Как ничего не изменял он в статьях постоянных сотрудников не потому, что не мог изменять, так и исправлял он столь усиленно начинающих и второстепенных беллетристов вовсе не потому, что мог делать с ними что хотел, а потому, что это было лучше в разных смыслах, лучше как для журнала, так и для них самих. Вместо недовольства, которого можно было бы ожидать, если бы мотивы были иные, он привлек к журналу и сгруппировал вокруг него целую группу беллетристов, благодаря чему, без всякого преувеличения можно сказать, ни в одном из русских журналов ни прежде, ни после не было такой богатой беллетристики, как в “Отечественных записках”. Иногда ее, эту прозу, упрекали в “избытке мужика”, но, тем не менее, все постоянно читали, не исключая и тех светских людей, которые делали подобные упреки. И создано это было главным образом Салтыковым, потому что остальные либо никакого касательства к беллетристике не имели, либо помогали ему только советом да предварительным просмотром рукописей, когда их скоплялось слишком много в редакционном портфеле. Я сказал бы даже больше, что создано это было исключительно Салтыковым, если бы раньше него не обращал особого внимания на беллетристику Некрасов, и если бы не помогал Елисеев, который хотя и не имел непосредственного касательства к беллетристике, но отлично понимал важное ее значение для публики и журнала и, кроме того, постоянно сглаживал неровности и шероховатости его характера по отношению к пишущей братии, особенно к начинающим писателям, не знавшим еще салтыковского прямодушия и манеры говорить. Тем не менее, если начало дела принадлежало Некрасову, а поддержка Елисееву, то дальнейшее его развитие и непосредственные старания принадлежат Салтыкову. Он больше всех вложил труда и забот в беллетристику “Отечественных записок”.

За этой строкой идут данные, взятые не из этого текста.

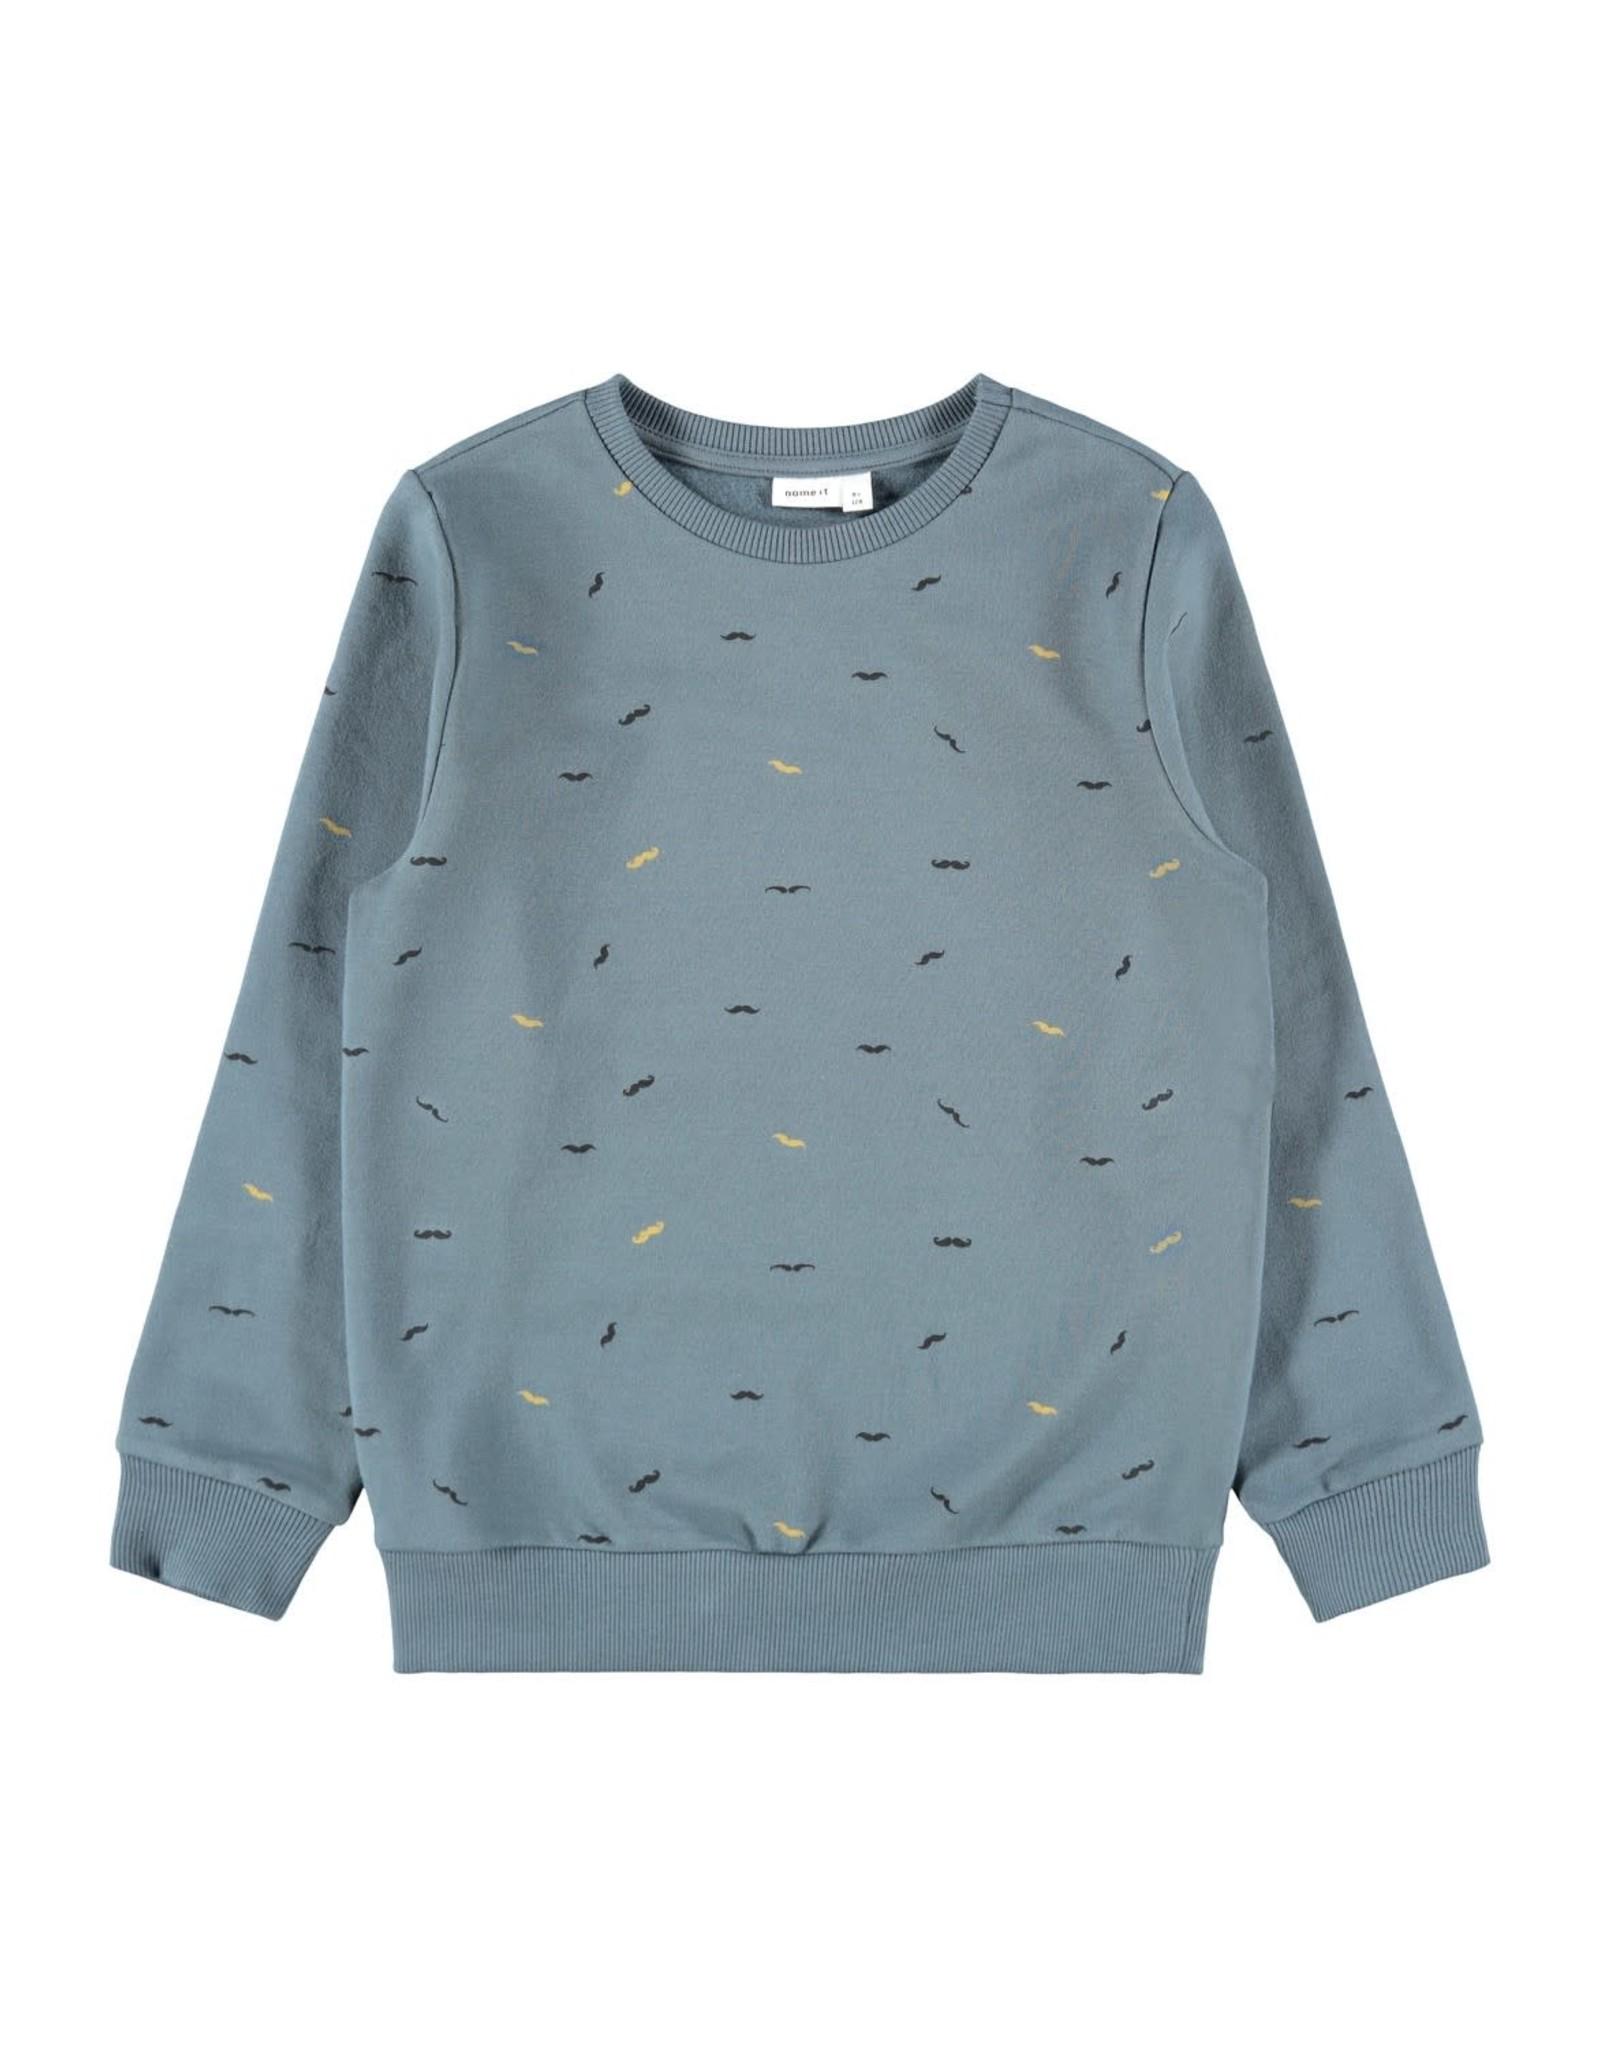 Name It Blauwe sweater trui met snorren print
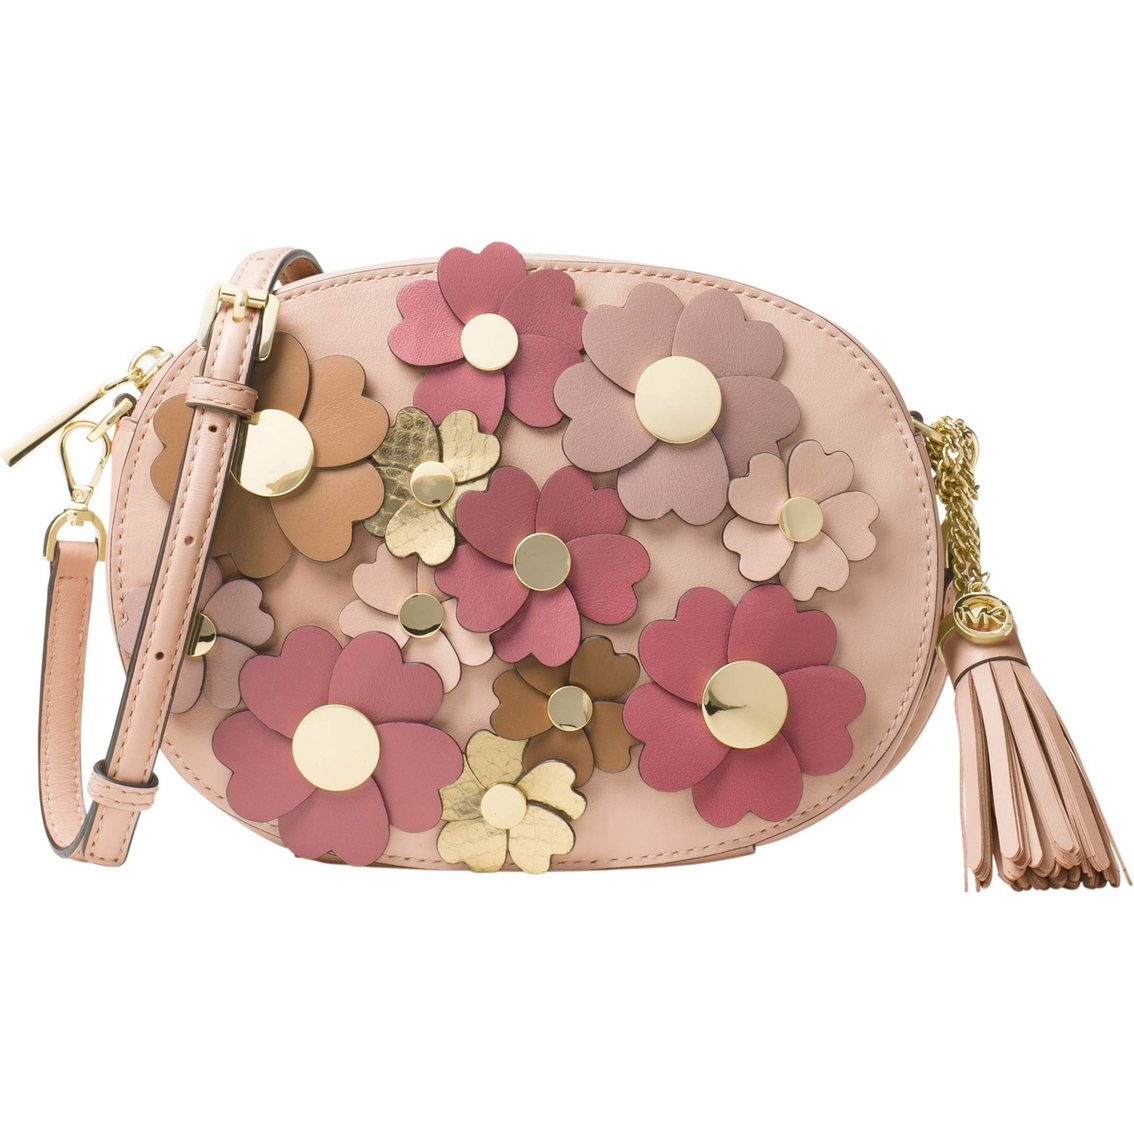 6dad25e252f8 Michael Kors Floral Applique Ginny Medium Messenger | Handbags ...

Повторяю, работать так, как работал Салтыков, не всякий может. Работа для него превратилась не только в обычное занятие, но и в какую-то непреодолимую потребность. Он не мог не писать: ни какие-нибудь дела, ни усталость и желание отдохнуть, ни знакомства и отношения, ни даже сама болезнь не могли удержать его от этого. Сплошь и рядом совсем больной, он садился к письменному столу и писал своим медленным, сжатым почерком страничку, другую, сколько мог. Я застал его раз пишущим на подоконнике, во время переезда на дачу, когда в кабинете все было уже уложено, и стол был чем-то загроможден; а за границей он ухитрялся иногда писать даже на маленьком круглом столике, урывая несколько минут между прогулкою и завтраком или между ванною и обедом, у него одна работа кончалась, другая начиналась, а иногда две-три работы шли рядом; случалось, что ранее начатые работы иногда откладывались на несколько лет, а более поздние печатались безостановочно, и тогда, по окончании их, он снова брался за какую-нибудь оставленную работу. Зависело это от разных причин: и от большей своевременности и необходимости позднее начатых работ, и от того, что они им сильнее овладевали, так что оставить их было не так-то легко. Иногда он жаловался на то, что работа затягивается и надоела ему, а расстаться с нею все-таки не мог. Так, например, жаловался он на “Пошехонскую старину”, которую кончал уже совсем больной, незадолго перед смертью, а между тем задумывал новое большое произведение и даже сделал к нему наброски. Вот что говорил он мне:
– Начал я “Пошехонскую старину” действительно с удовольствием, а потом надоела она мне ужасно, просто измучила… Образы за образами поднимаются и лезут в голову, а возиться с ними и скучно, потому что все это уже давно известно, и тяжело, потому что я ведь опять точно переживаю то время. А тут еще болен… Право, иногда кажется, что не кончу. Впрочем, нисколько об этом не жалею: у меня на всякий случай окончание есть, всего-то в одну страничку. Если сам не успею написать, так пусть другой кто-нибудь напишет и скажет, что автор предполагал кончить свою историю зимним помещичьим весельем, пошехонским раздольем. А вот о чем жалею, – продолжал он после небольшой паузы, – для этого стоило бы начать снова жить: я задумал новую большую вещь – “Забытые слова”.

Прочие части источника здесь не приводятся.